How to use the search function in Outbreak Database
- Quick Start
- Terms
- Fields
- Term Modifiers
- Boolean Operators
- Grouping
- Field Grouping
- Escaping Special Characters
Quick Start
To be brief, you can enter and combine your search terms pretty much like you are probably used to from
using web search engines like Google.
E.g.:
mrsa finds all articles containing mrsa or MRSA etc.
mrsa dirt finds all articles containing mrsa and dirt.
"hepatitis c" finds all articles containing the phrase hepatitis c, i.e. term hepatitis immediately followed by term c.
If you prefix a term with a tag followed by a colon, it will
only be searched in the field concerning the specific tag, otherwise, it will be searched in all fields.
The page Field Reference
describes the structure of an Outbreak article and the tags that are usable for any query.
(The following documentation is based on the documentation of Apache Lucene.)
Terms
A query is broken up into terms and operators. There are two types of terms: Single Terms and Phrases.
A Single Term is a single word such as virus or mrsa.
A Phrase is a group of words surrounded by double quotes such as "staphylococcus aureus".
Multiple terms can be combined together with Boolean operators to form a more complex query (see below).
The search terms are case-insensitive, i. e. Virus yields the same result as virus.
Fields
If you prefix a term with a tag followed by a colon, the term will only be searched in the field belonging to that tag, otherwise, it will be searched in all fields.

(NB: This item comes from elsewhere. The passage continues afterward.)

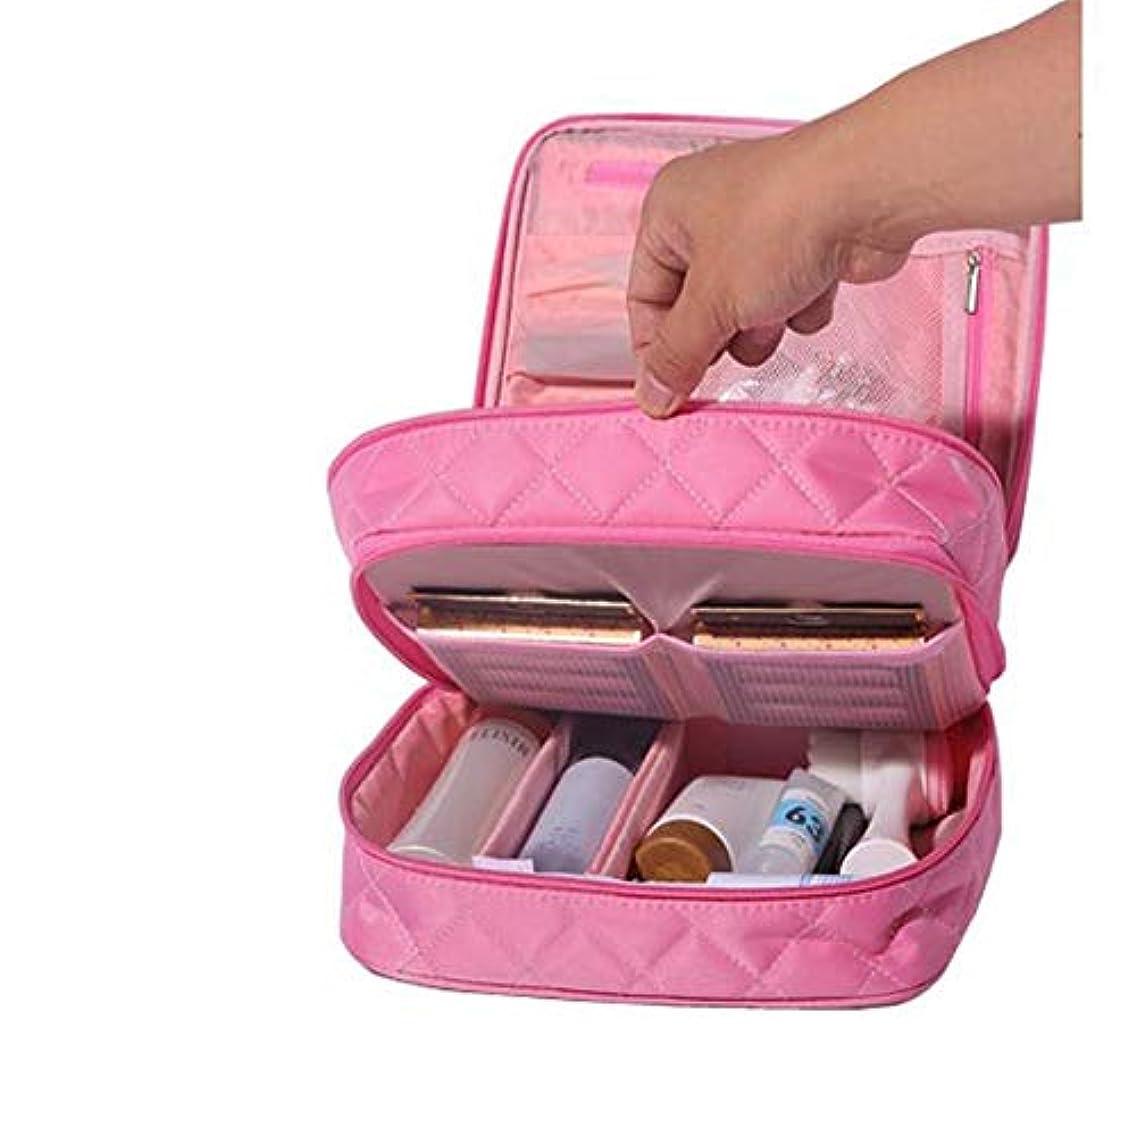 北極圏返済変動する特大スペース収納ビューティーボックス 化粧品袋、携帯用旅行化粧品の箱、化粧品の箱、収納箱、調節可能なディバイダーが付いている小型化粧の電車箱、化粧品の化粧筆、化粧品 化粧品化粧台 (色 : ピンク)

Let's see some examples. If you want to find an article about an outbreak in the USA containing the phrase "they washed their hands" somewhere in the article, you can enter:
cy:usa AND "they washed their hands"
or
cy:usa "they washed their hands"
Note: The field is only valid for the term that it directly precedes, so the query
cy:United Arab Emirates
will only find United in the country field. It will find Arab and Emirates just somewhere in the text.
Simply type:
cy:"United Arab Emirates"
Note: The characters in a tag must either be all UPPERCASE or all lowercase.
Term Modifiers
Wildcard Searches
Single and multiple character wildcard searches are supported.
To perform a single character wildcard search use the "?" symbol.
To perform a multiple character wildcard search use the "*" symbol.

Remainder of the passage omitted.